心理诊疗中心虽然是独栋的, 却有好几个通道可以离开。
他们没在外面看到莫晚星离开, 可能是因为莫晚星从安全通道离开了。
安全通道后面就是公交站, 很多时候医护人员下班都是从安全出口走。
调取了监控记录后发现, 莫晚星确实是从医院的安全通道溜了, 监控只能拍摄到她过了马路对面, 却不知道她到底去了哪里。

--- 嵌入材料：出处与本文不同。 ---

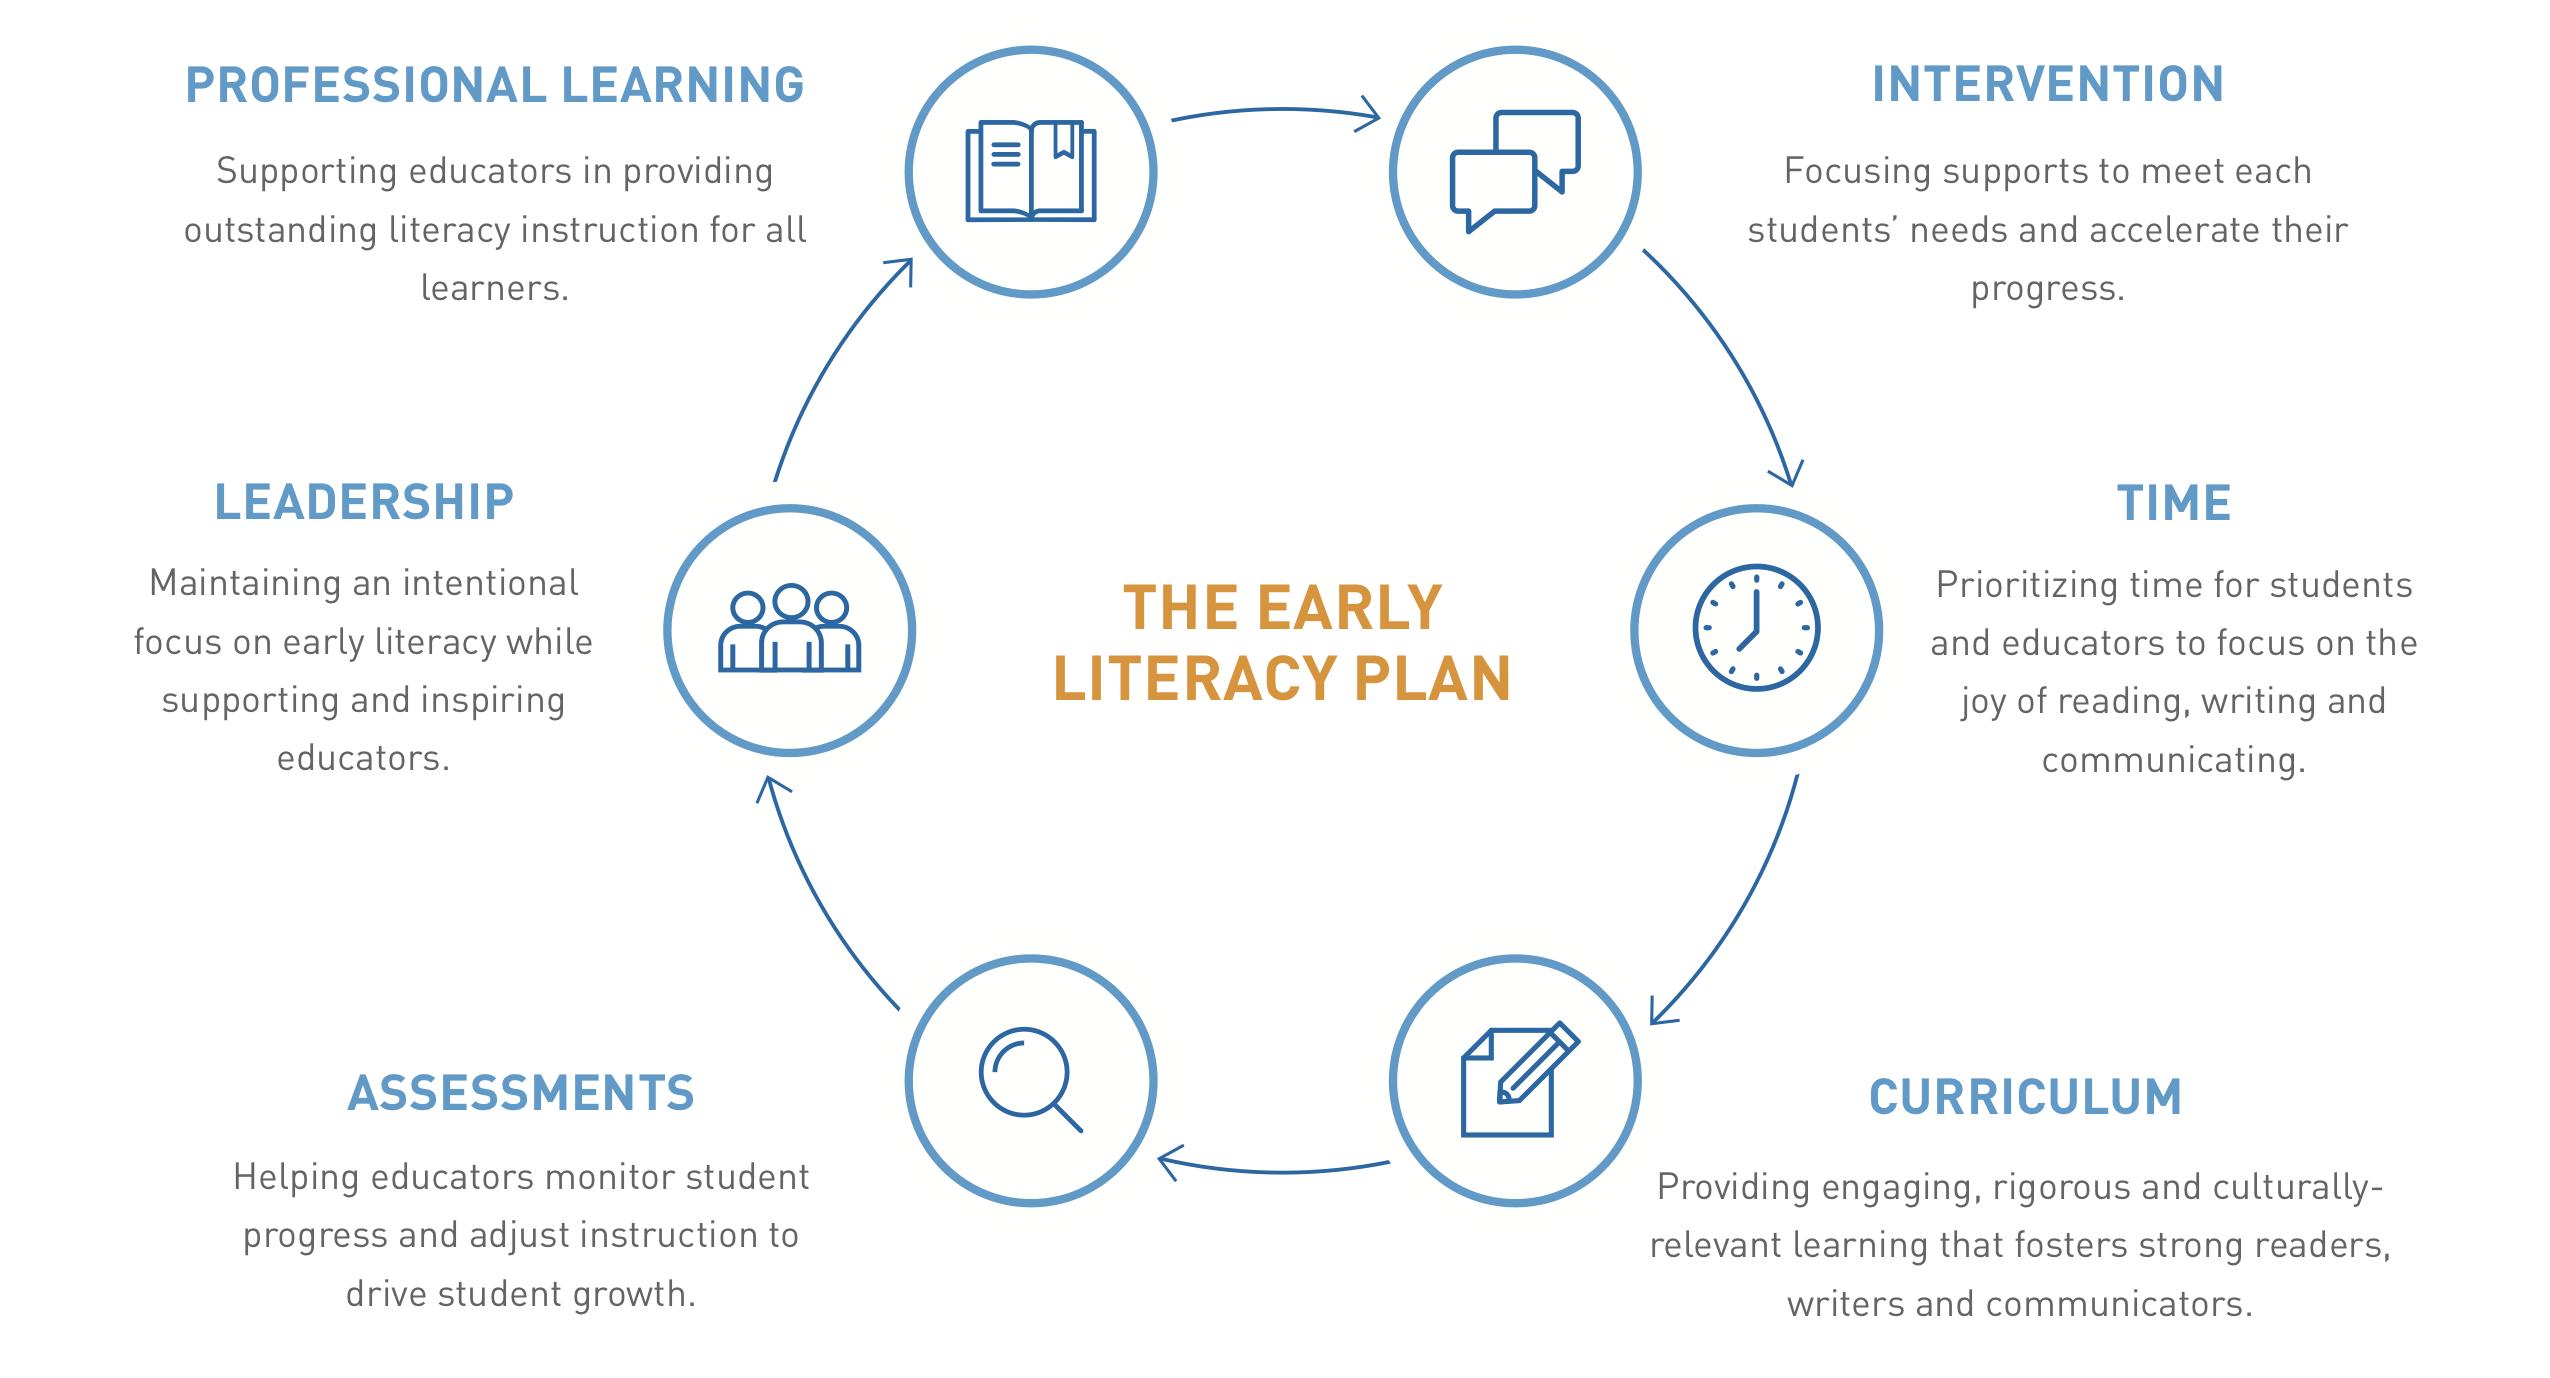 early literacy priorities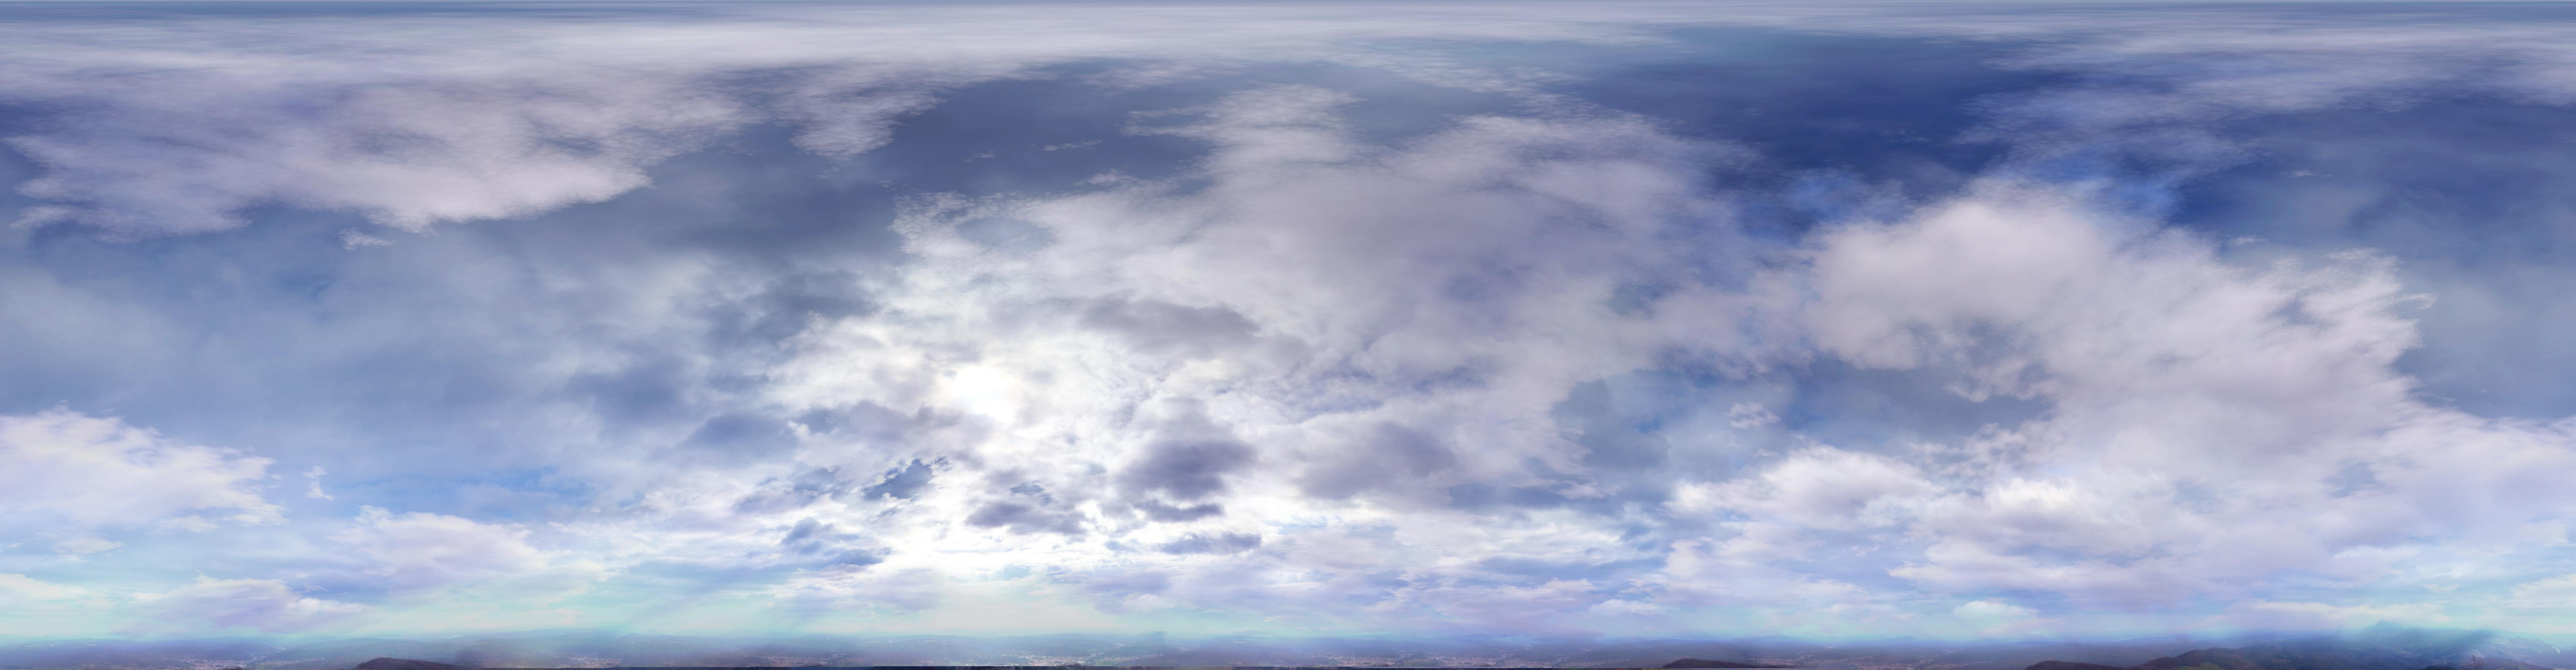 Hdri cloudy sky free download

马路对面有几家餐厅, 挨家调取监控后,查到她上了公交车。
公交却不是回家的,是往地铁站方向走的。
查了地铁线路发现她的意图可能是通过高铁站离开,立刻上报, 协调高铁站的警力扣押。
却还是晚了一步。
人已经搭乘高铁离开了峄城,高铁将在三分钟后,抵达华城北站。
即便是他们以最快的速度联系了高铁的乘警和高铁站的警察,也还是没能将莫晚星拦在高铁站。
出了高铁站莫晚星打了一辆出租车。
等出租车的司机被拦在路上时, 车里是空的。
司机也没有想过自己随便拉了一个乘客,能够惊动警察。
“人呢?”负责拦截的警察询问。
司机心虚地说:“快到红绿灯路口的时候她下车了。”
“为什么下车?”
“她说自己有东西落在高铁站了,要回去取, 我说送她回去取,她又说不用。”司机一脸无奈地说:“我们在高铁站接单不容易,回高铁站了得重头排队,她听我说,就给了我二百块钱,我看她这么爽快,就没纠结了。”
警察问:“那你干嘛不回高铁站?”
司机说:“我本来就不是跑高铁站在条路的,她给了钱我也没必要硬等在高铁站排队接人,回去路边捡人快多了。”
有理有据的警察也很无奈,“行吧,笔录上签个字。”
岳方霖将莫晚星跑了的消息告诉陆长风,彼时陆长风和井玏带着冯玉莲在回峄城的高铁上。
陆长风听到莫晚星跑了十分惊讶,“这么多人的情况下,都能让她给跑了……”
岳方霖也挺无奈:“有信息差,她用自己的真实身份买的机票,我们查到她真实身份的时间太晚了,察觉不对就已经第一时间布控了,还是没来得及,估计她也是早在我们盯上医院的时候,就想好了怎么逃走了。”
“这会儿什么情况?”
岳方霖说:“华城那边在查高铁站的监控录像,看她往哪个方向去了,反侦察意识还挺强,但不管接下来她要怎么跑,都会被抓住的。”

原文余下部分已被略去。